Thursday, February 1, 2007

JRuby enters the home stretch for Rails support

Posted by rick

We’re on the home stretch now, and Rails is getting more and more solid every day. With you all helping, we should be able to finish off the remaining failures, clean up major outstanding JRuby issues, and kick out a pretty sweet “Rails-supporting” JRuby release in the next couple weeks. — Charles Nutter

I’m not a Java guy by any means, but I don’t think anyone disagrees that this is great news. Why? The idea of dynamic languages on the JVM is very appealing, even Ryan Tomayko thinks so.

Now, being a recovering C# programmer, I had no idea how to get JRuby installed and running. So, here’s a quick newbie guide for you Mac OSX users. If you have good instructions for other platforms beyond what’s in the JRuby blog, please post or link to them in the comments. Also, be sure to use the proper reporting channels for any bugs you come across: the Rails Trac for Rails bugs, and JRuby’s JIRA for JRuby issues.

  • First, you need java.
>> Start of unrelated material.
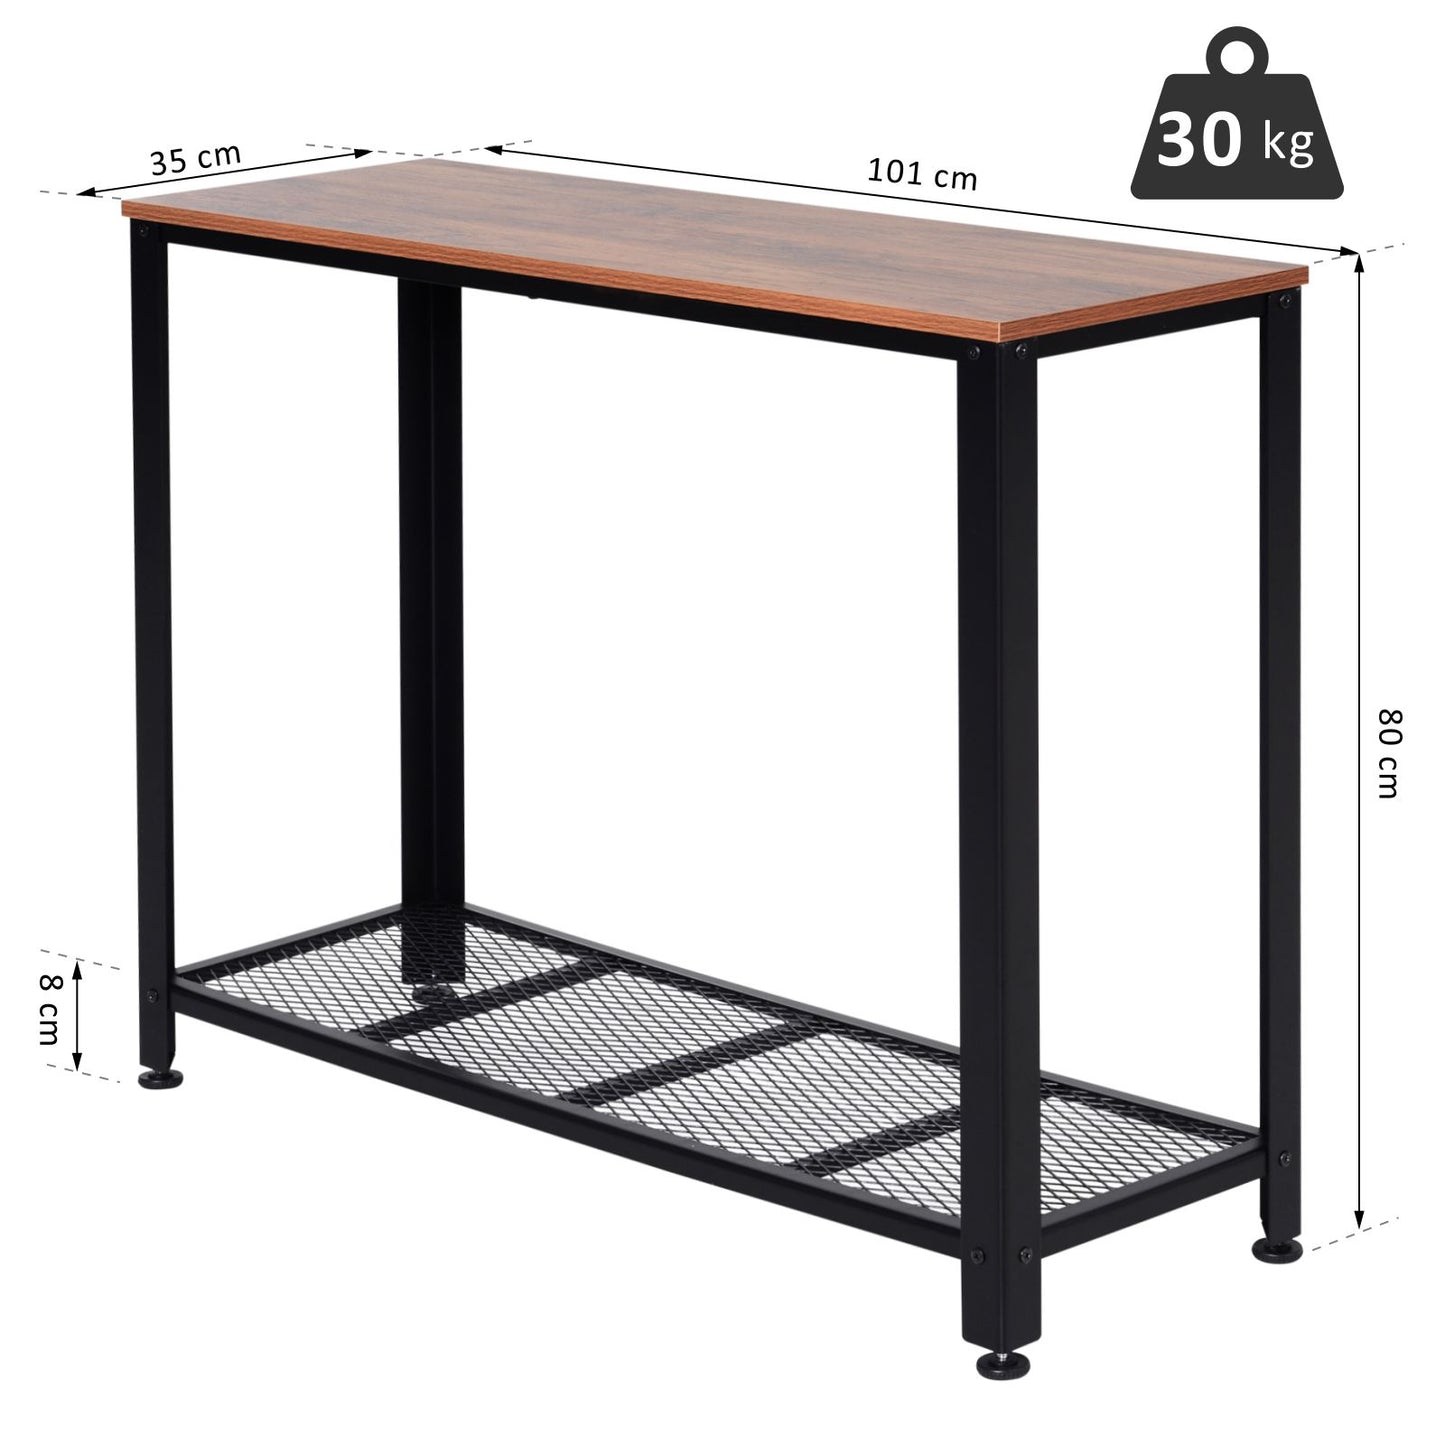 HOMCOM Steel Frame Industrial Style Console Table Brown/Black

Luckily, it happens to ship with Tiger. “java -version” tells me I have v1.5.0_06. Awesome.
  • I actually set this up over the weekend, and used ‘ant test’ to build and test JRuby. This required me to install JUnit to proceed. I just created a directory to act as my CLASSPATH, and threw junit-4.1.jar in there.
  • Set up a few environment variables (see below for the list).
  • Add /path/to/jruby/bin to your PATH.

export CLASSPATH=/path/to/junit-4.1.jar
export JRUBY_HOME=/path/to/jruby
export JAVA_HOME=/System/Library/Frameworks/JavaVM.framework/Home
export JRUBY_SHELL=/bin/zsh

After this was done, I was able to run jruby or jirb directly. Depending on where you add the jruby/bin path, you may or may not be using the JRuby gem script or not. Use ‘which gem’ to check.

There you go, you should be all ready to help the JRuby folks out.